Federal Reserve Policy
Policy decisions from the Federal Reserve and the direction of their monetary policy are key factors in the development of the cryptocurrency market. The effect of higher interest rates on equities, crypto, and commodities like oil during the last few years. In 2022, cryptocurrency prices struggled as interest rates started to rise. Once rates reached their peak, crypto prices bottomed out, beginning an upward trajectory in 2023 and continuing throughout 2024.
Interest Rate Impact
The promise of lower rates was enough to prevent oil and other commodities, and even cryptocurrencies, from crashing into the ground. Then interest rates skyrocketed in 2022 and 2023. After September, the Fed has begun to cut, with future cuts likely extending into 2025, even after a halt in the first half of the year. The Federal Reserve's monetary policy decisions can impact the value of Bitcoin and other cryptocurrencies, as changes in interest rates can influence investor sentiment and asset prices.
Whale Activity
Because of this, large trades from these so-called “whales,” or big cryptocurrency holders, can immediately affect market prices. Whale is a common term for a crypto investor/entity that holds a massive amount of coins. As a result, their buy/sell orders can lead to significant price movement, precipitating liquidations and shaping market sentiment. No one can track whale activity like BlockchainShock, to know when a market-moving event is about to occur.

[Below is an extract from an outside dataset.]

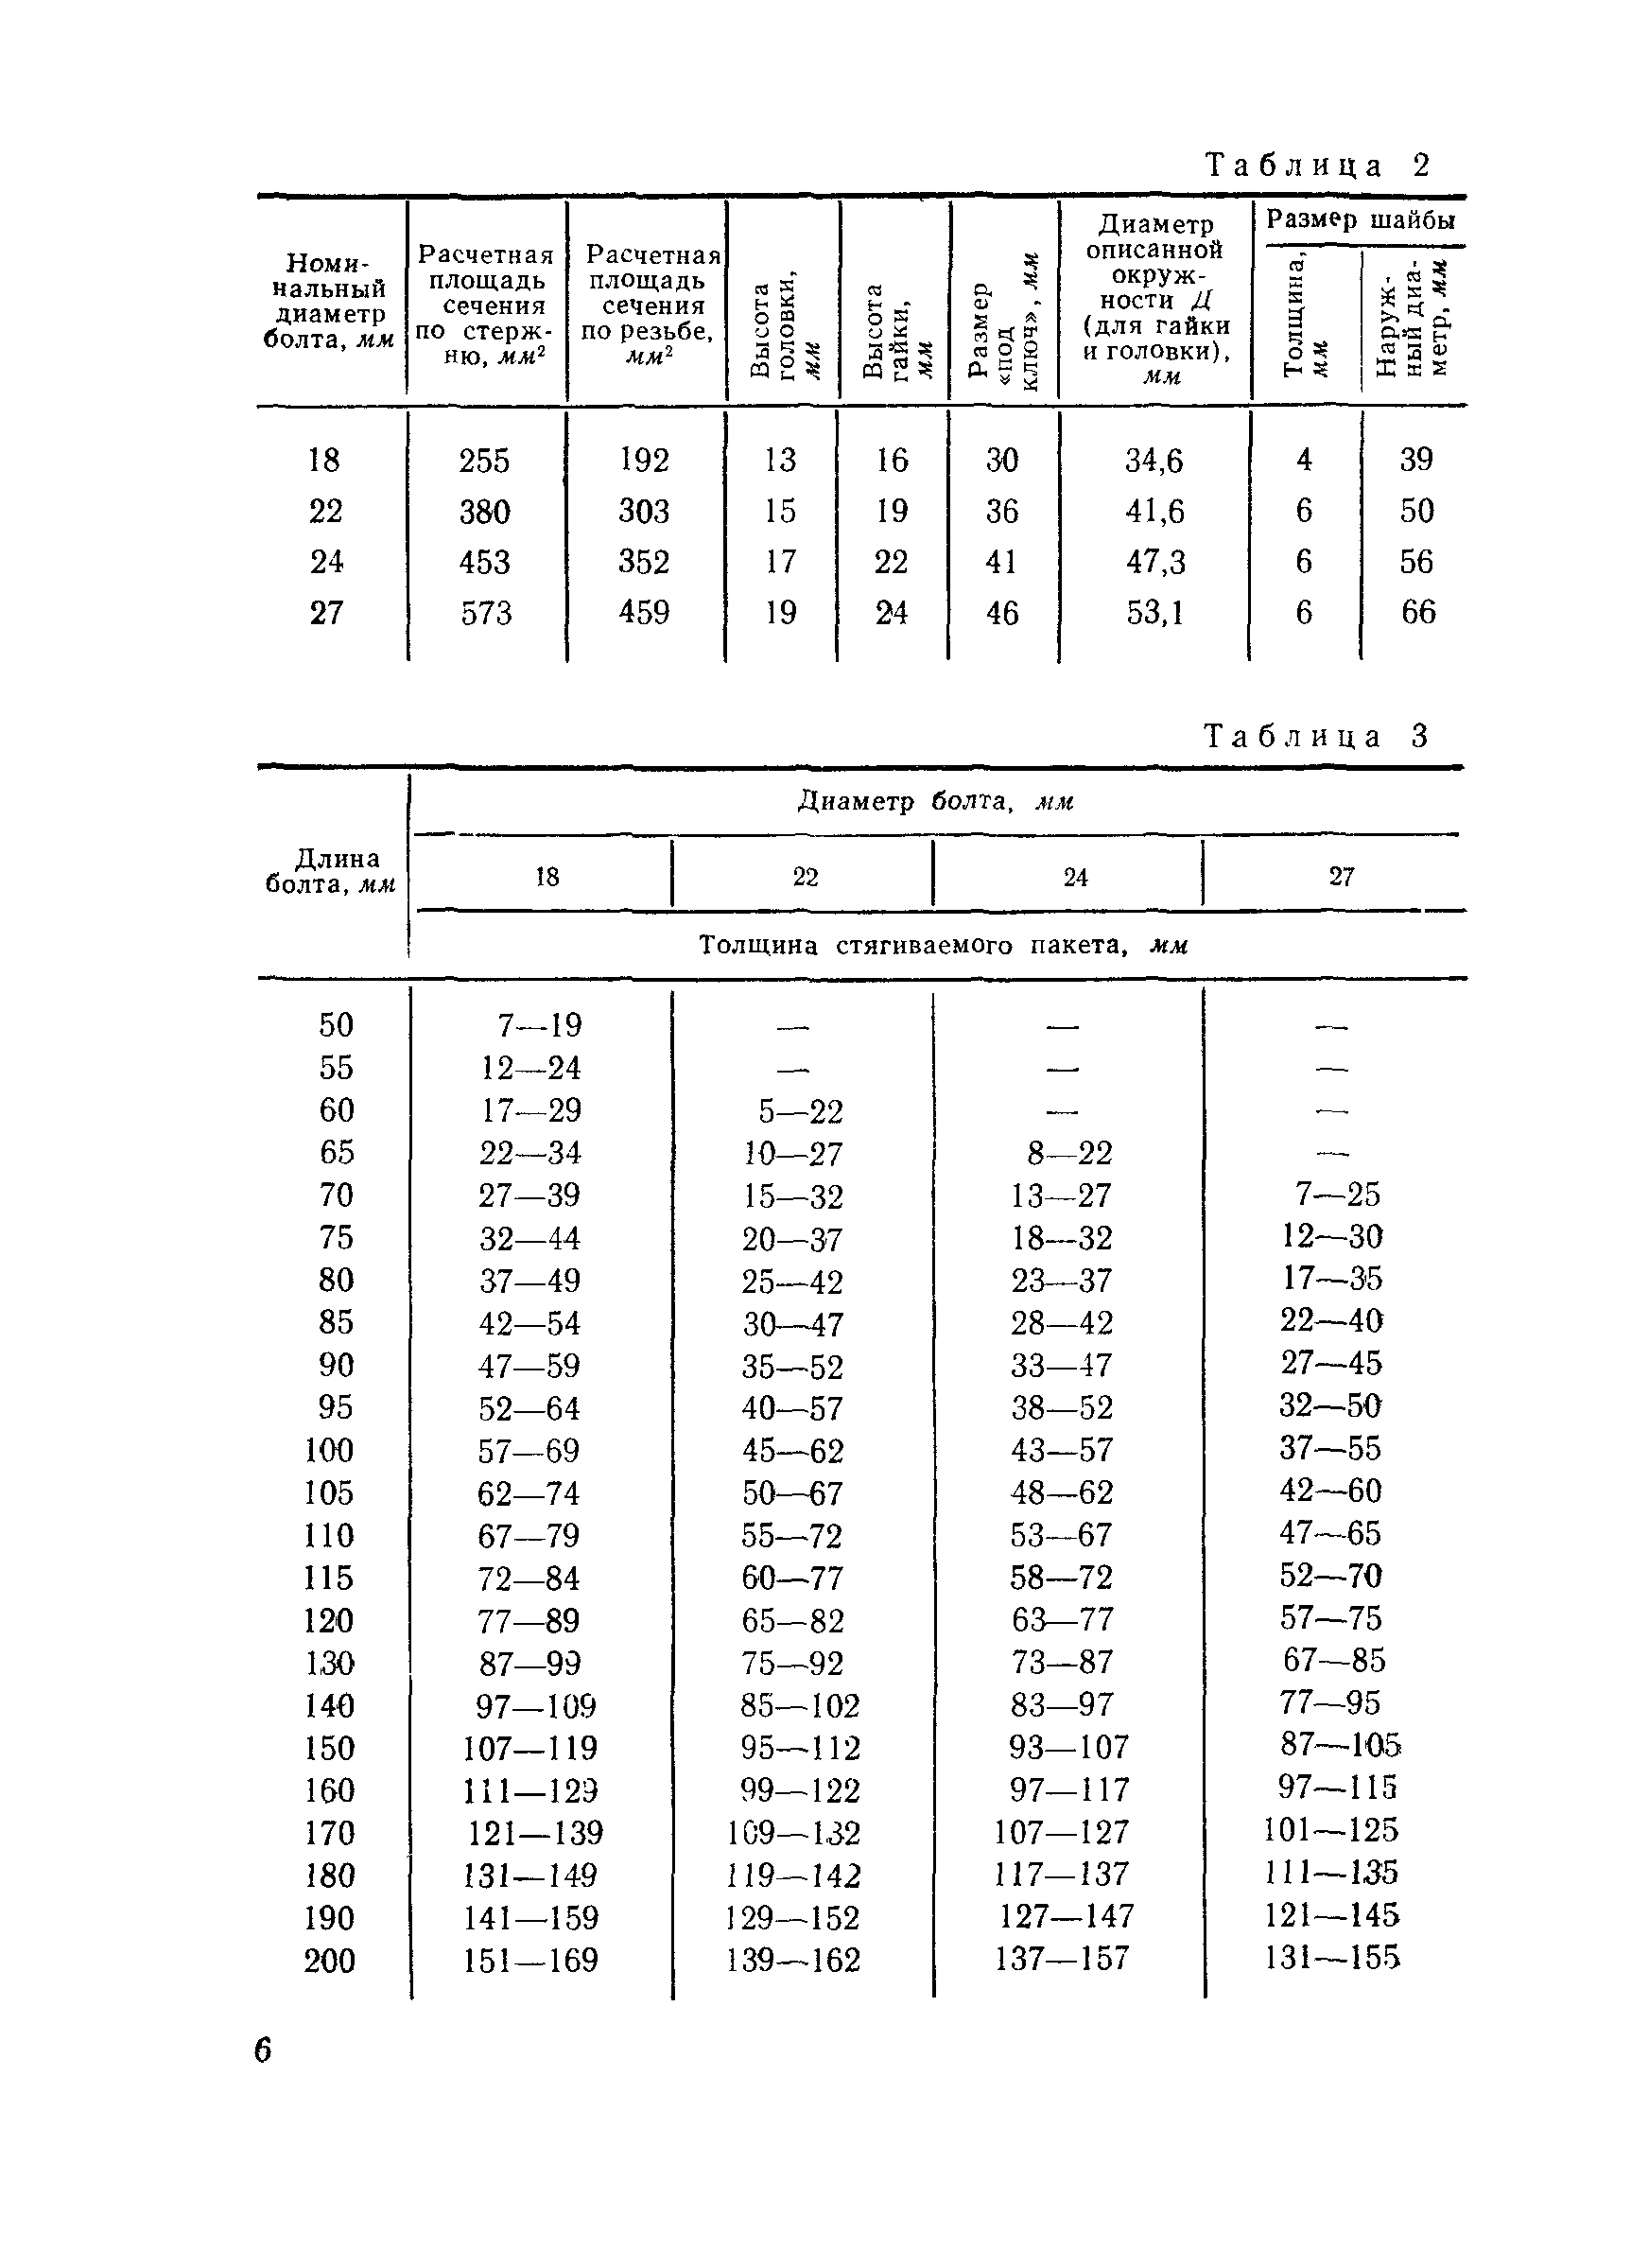 ВСН 144-76

Navigating Market Volatility: Strategies for Investors
We know that the crypto marketplace is incredibly volatile. To protect their investments, investors need to embrace smart risk management practices. BlockchainShock recommends the following approaches:
- Risk Assessment: Conduct a thorough risk assessment to identify potential risks and their impact on the investment portfolio.
- Diversification: Diversify the portfolio by investing in different asset classes, sectors, and geographic regions to minimize exposure to any one particular market or sector.
- Risk Mitigation: Implement risk mitigation strategies such as stop-loss orders, limit positions, and hedging to reduce potential losses.
- Regular Portfolio Rebalancing: Regularly review and rebalance the portfolio to ensure that it remains aligned with the investor's risk tolerance and investment objectives.
- Asset Allocation: Allocate assets according to the investor's risk tolerance and investment horizon to minimize exposure to market volatility.
Knowing when and why market liquidations happen puts the power back in investors’ hands. With proper risk management measures in place, they’ll have a smoother path to enter the exciting and unpredictable crypto world.